In 1771, the forces of the Maratha Empire led by Mahadaji Shinde captured Delhi from the Rohillas and installed the Mughal emperor Shah Alam II on the throne of Delhi. The Marathas defeated Zabita Khan Rohilla who was put in charge by the Afghans.

After taking control of Delhi, the Marathas sent a large army of around 50,000 soldiers under leadership of Shinde and Holkar in 1772 to punish Afghan Rohillas for their involvement in Panipat and slaughtered thousands of Rohillas. They desecrated the grave of Rohilla chieftain Najib ad-Dawla and captured Najibabad. With the fleeing of the Rohillas, the rest of the country was burnt, with the exception of the city of Amroha. The Rohillas who could offer no resistance fled to the Terai region.

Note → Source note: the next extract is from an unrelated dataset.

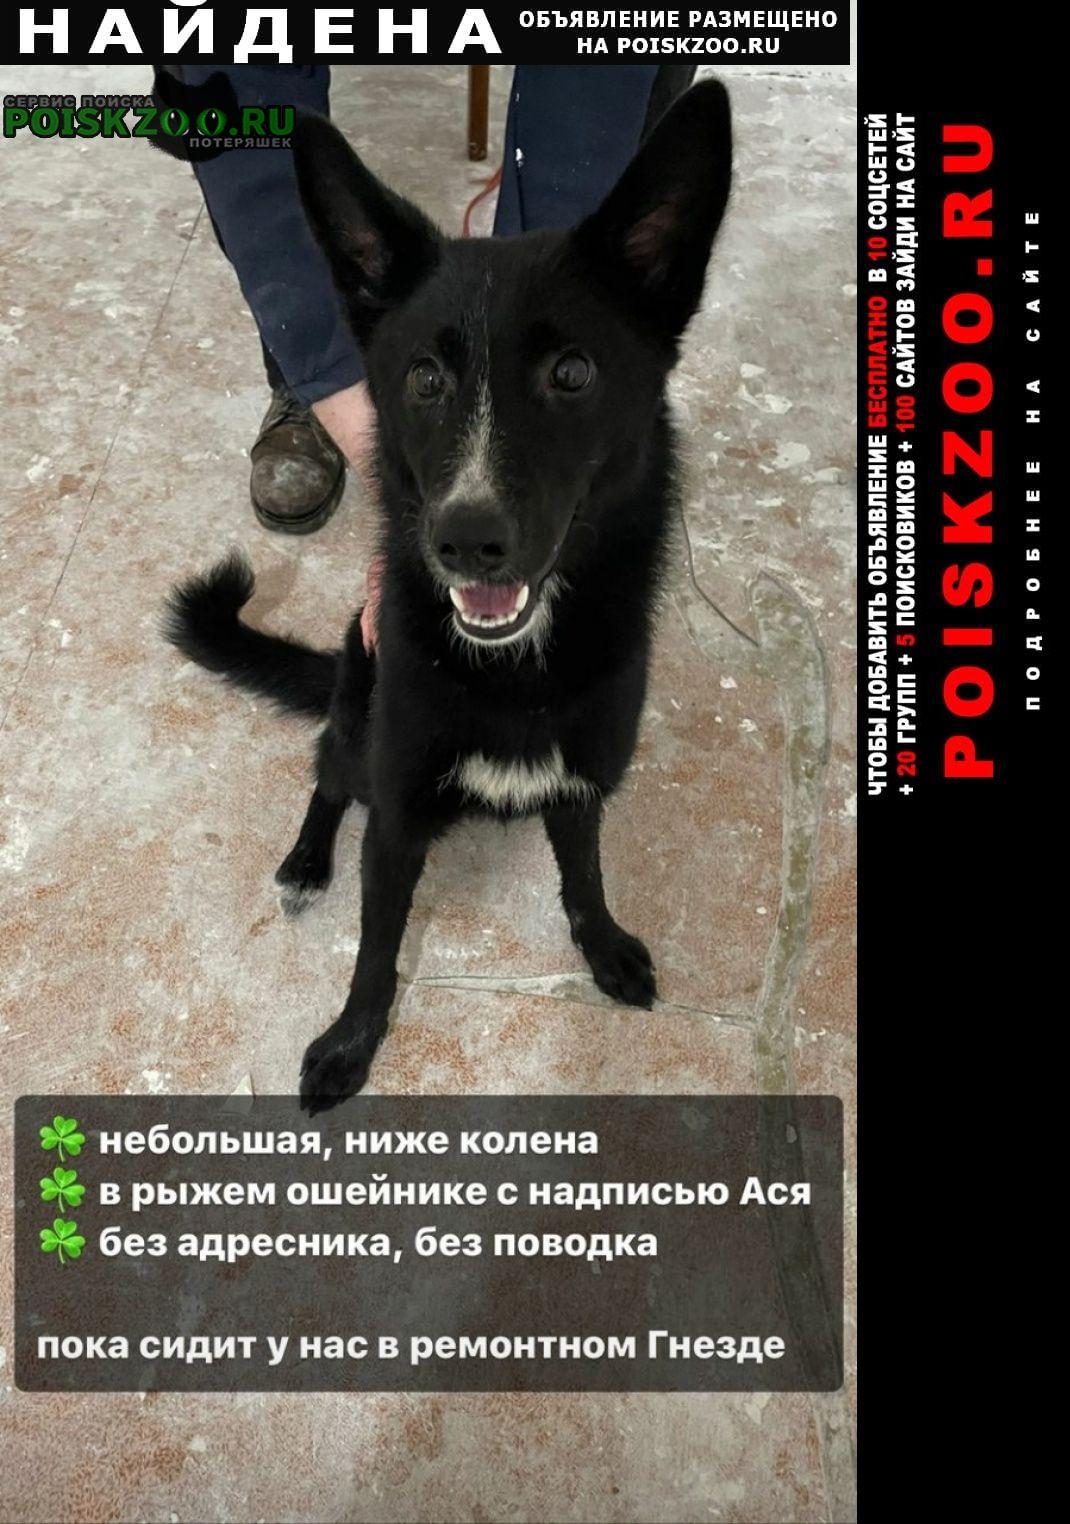 Найдена собака в парке кусково Москва

In the Third Battle of Panipat, the Maratha Empire suffered a serious blow at the hands of the Afghan Empire, the Nawab of Awadh and the Kingdom of Rohilkhand under Najib ad-Dawlah. After the death of Peshwa Balaji Bajirao, Madhavrao I became the Peshwa under the regency of Raghunathrao. Mahadji Shinde's victory over the Jats of Mathura, Rajputs of Rajasthan and Pashtuns-Rohillas of Rohilkhand (in the western part of present-day Uttar Pradesh state) re-established Maratha rule in the region.

== Capture ==
The Peshwa's instructions ended the passive policy and advocated for a strong stance against the Rohillas. Visaji Krishna demanded nazar from Zabita Khan, who refused and was expelled from the camp. The Maratha army marched to Delhi, where Saif-i-uddin Muhammad Khan secured the peaceful surrender of the city. However, Zabita Khan's troops inside the fort refused to submit, leading to a breach in the ramparts. The Marathas entered Delhi on February 10, 1771, with a force of 3,000 horses and slaughtering the Rohillas. They presented nazar (Note: gifts) and professed allegiance to the emperor, seizing the surrounding area and removing Najib's appointees. The Maratha chiefs demanded 40 lakhs of rupees for restoring the emperor, the cession of Meerut and neighboring districts and the right to appoint imperial officials below the Wazir and receive half of their nuar. Saif-ud-din Muhammad Khan accepted these terms on behalf of the emperor and forwarded them for ratification.